The most well known probiotic drinks are probably kefir and kombucha. Although also well known is a fairly long list of supermarket yoghurt drinks - normally in a small pot, and heavily advertised on TV. However, there's not much evidence to show that they have much effect, and it would appear that the natural choices (kefir, kombucha etc.) are far more beneficial to the gut.

Kefir is a popular choice of drink for those interested in replenishing the gut with beneficial bacteria. In a recent small, unoffical 4 week study of 3 different groups of 10 people (mentioned above), kefir showed the most beneficial change out of the small supermarket probiotic yoghurt drinks and prebiotic vegetables. Volunteers saw a rise in a whole family of bacteria called Lactobacillales which are thought to be good for general gut health

Studies

There is a growing number of research into the benefits of probiotics on Ulcerative Colitis, and those that I have found are cautiously optimistic, with some promising results.

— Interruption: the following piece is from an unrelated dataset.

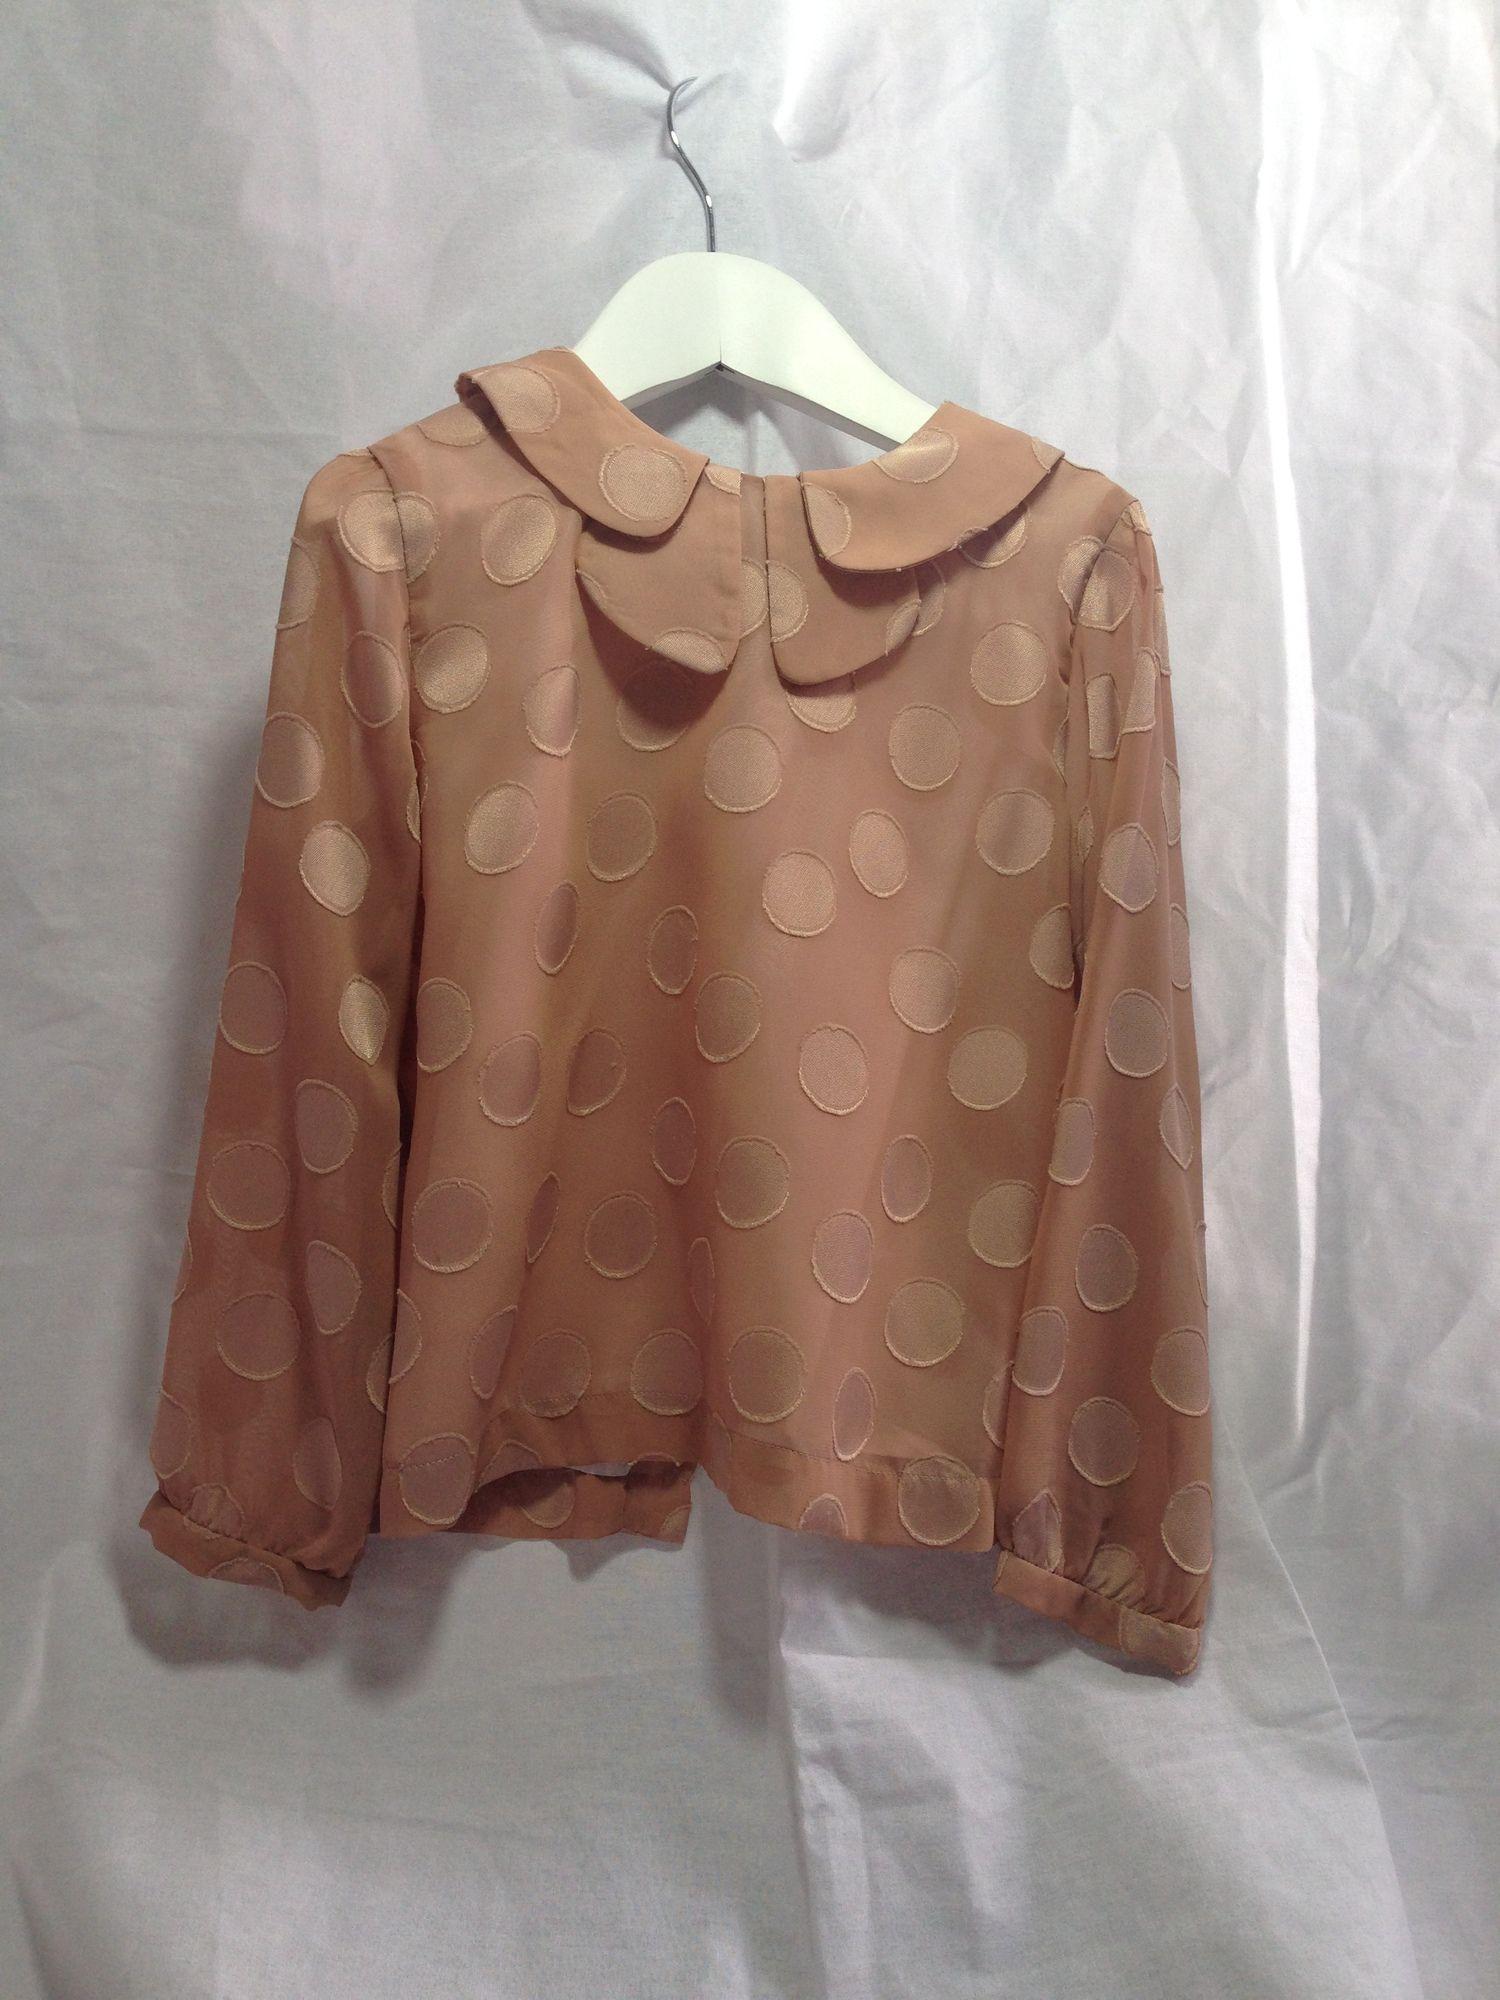 Hucklebones Pink Circle Pattern shirt — My Chelsea Wardrobe
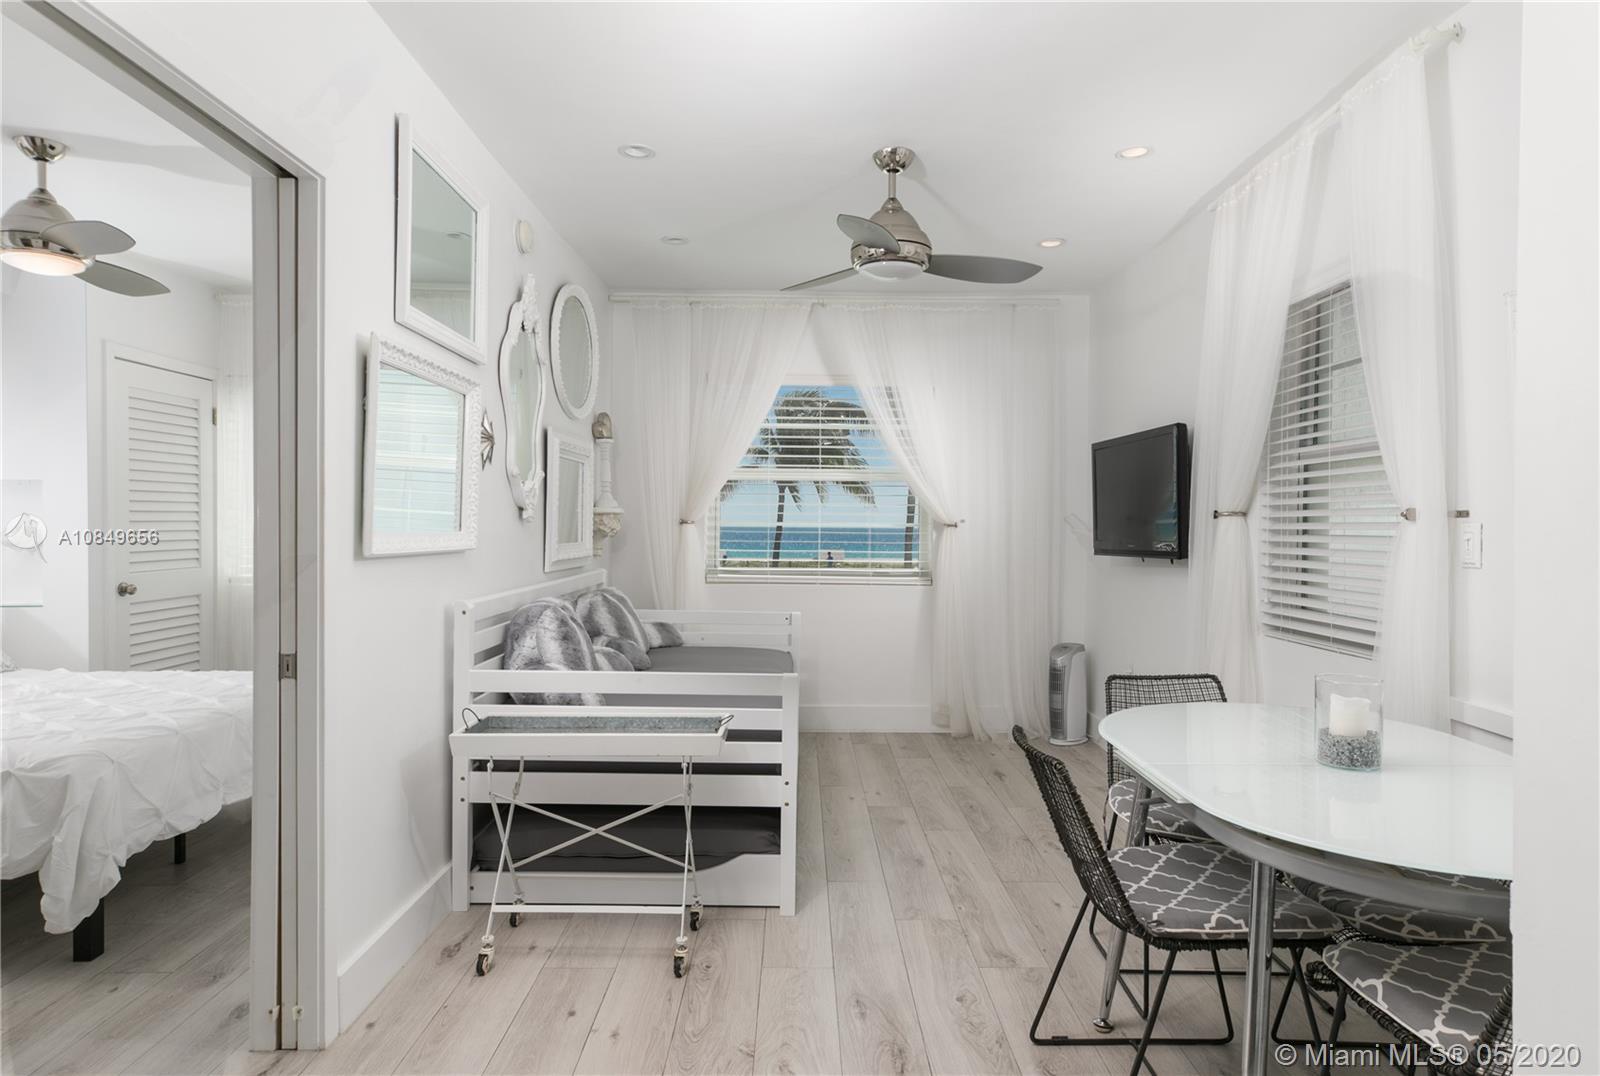 335 Ocean Dr # 239, Miami Beach, Florida 33139, 1 Bedroom Bedrooms, ,1 BathroomBathrooms,Residential,For Sale,335 Ocean Dr # 239,A10849656

Some controlled studies support the idea that probiotics may be as effective as mesalamine in maintaining remission in short-term trials, which is encouraging to know.

American Gut Project

It's worth noting that very recently I stumbled across a large, scientific experiment called the American Gut project. Funded by donations and using leading researchers, their goal is to compare the bacteria in the guts of as many different people as possible across the world. It has already become the largest survey ever done and continues to grow (for a small donation, anyone can take part, send a sample and receive details about their gut).

They've already released some results of their findings, revealing that there appears to be 2 dominant types of bacteria in our guts - Firmicutes and Bacteroidetes:

  • Firmicutes include Clostridium and Lactobacillus species and many producers of the short-chain fatty acid butyrate
  • Bacteroidetes includes Bacteroides and Prevotella, both of which break down polysaccharides (big sugars)

Hopefully through the sheer volume of knowledge they are collecting, information will be revealed that can help sufferers of Colitis, who by the way, are welcome to take part in the survey as well.